In 2009, as a member of Seoul Daedong Elementary School, he played 18 games in the Elementary Weekend League and scored 30 goals. Since then, he has received attention as an outstanding prospect, winning the 22nd Cha Bum-kun Football Grand Prize. In December, he participated in the 1st Korea-Catalonia Youth Cup in Barcelona, Spain as a member of the South Korean national under-14 football team, and was offered a contract as a result of his impressive performance. However, he was already scouted by Maetan Middle School, a youth team of Samsung Bluewings in Suwon, and was scheduled to enter, but Samsung Bluewings decided to send Paik to Spain with a long-term vision and also to support him.
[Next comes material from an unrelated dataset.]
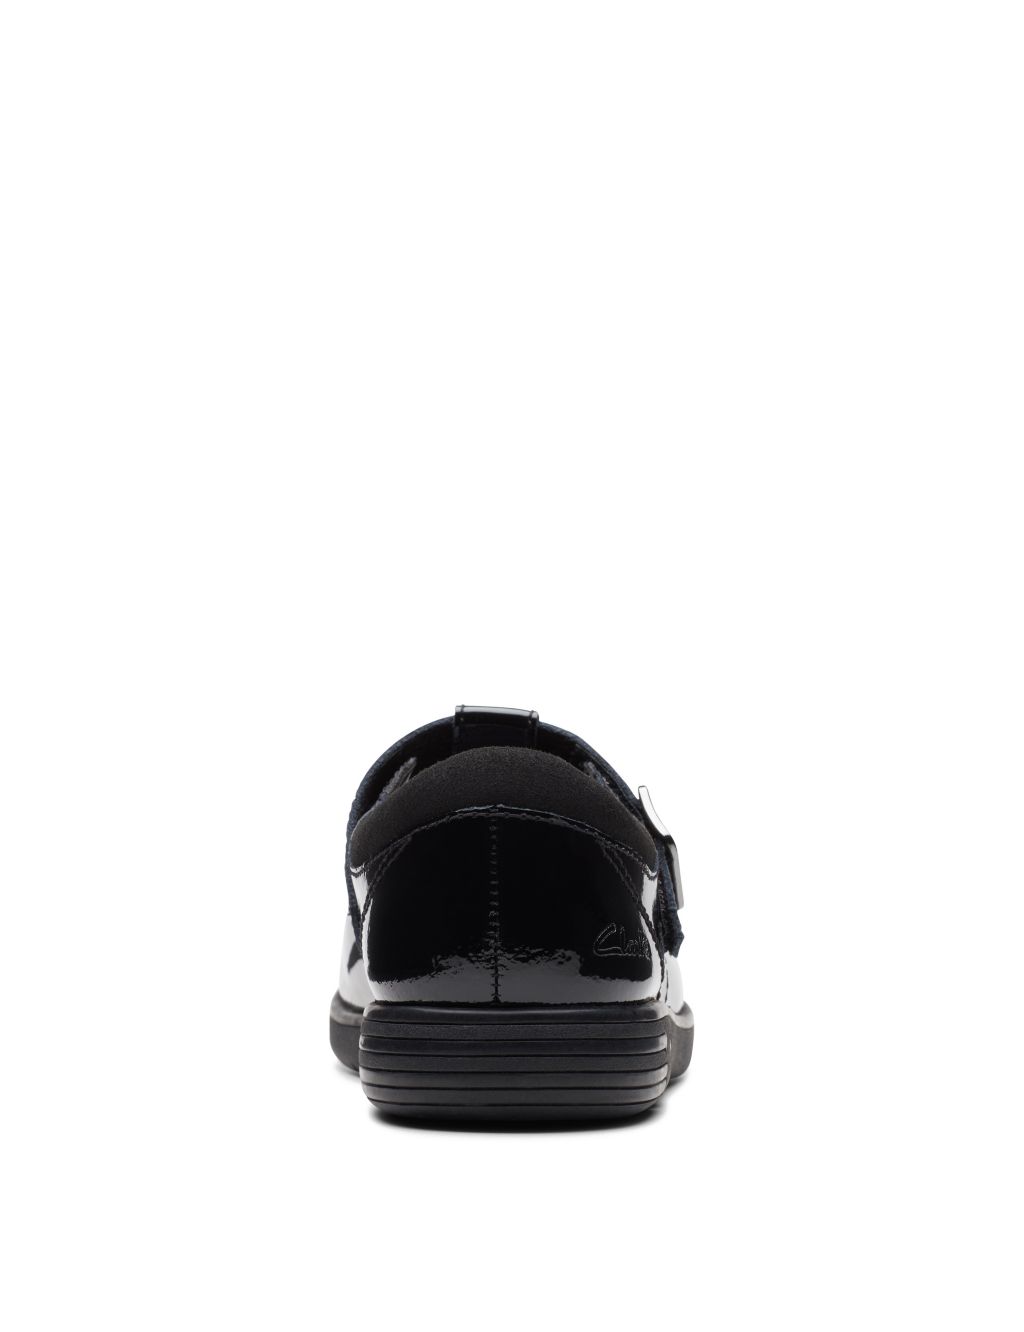 Kids' Patent Leather Riptape T-Bar Shoes (8 Small - 4 Large) image 7

Paik played for Maetan Middle School, the under-15 team of the Suwon Samsung Bluewings, until March 2010, before moving to Barcelona's under-13 team, Infantil A, in April 2010. In July 2011, Paik signed a five-year contract with Barcelona's youth team, leaving him in Barcelona's uniform until the age of 19. However, in February 2013, FIFA suspended six players, including Paik, from Barcelona's youth team, for violating Article 19 of the FIFA rules so he could not participate in Barcelona's official matches until January 2016, when the disciplinary action was released. He then played actively for Barcelona Juvenile A, and made his professional debut on 21 February, as a substitute in Segunda División B match with Atlético Levante in the 45th minute of the second half.

==Club career==
===Girona===
Paik played for Barcelona as a youth player for seven years, but he had difficulty competing in the senior team. He joined Girona on 21 July 2017, and played for Peralada, the reserve team of Girona at the time, in the Segunda División B during his first professional season.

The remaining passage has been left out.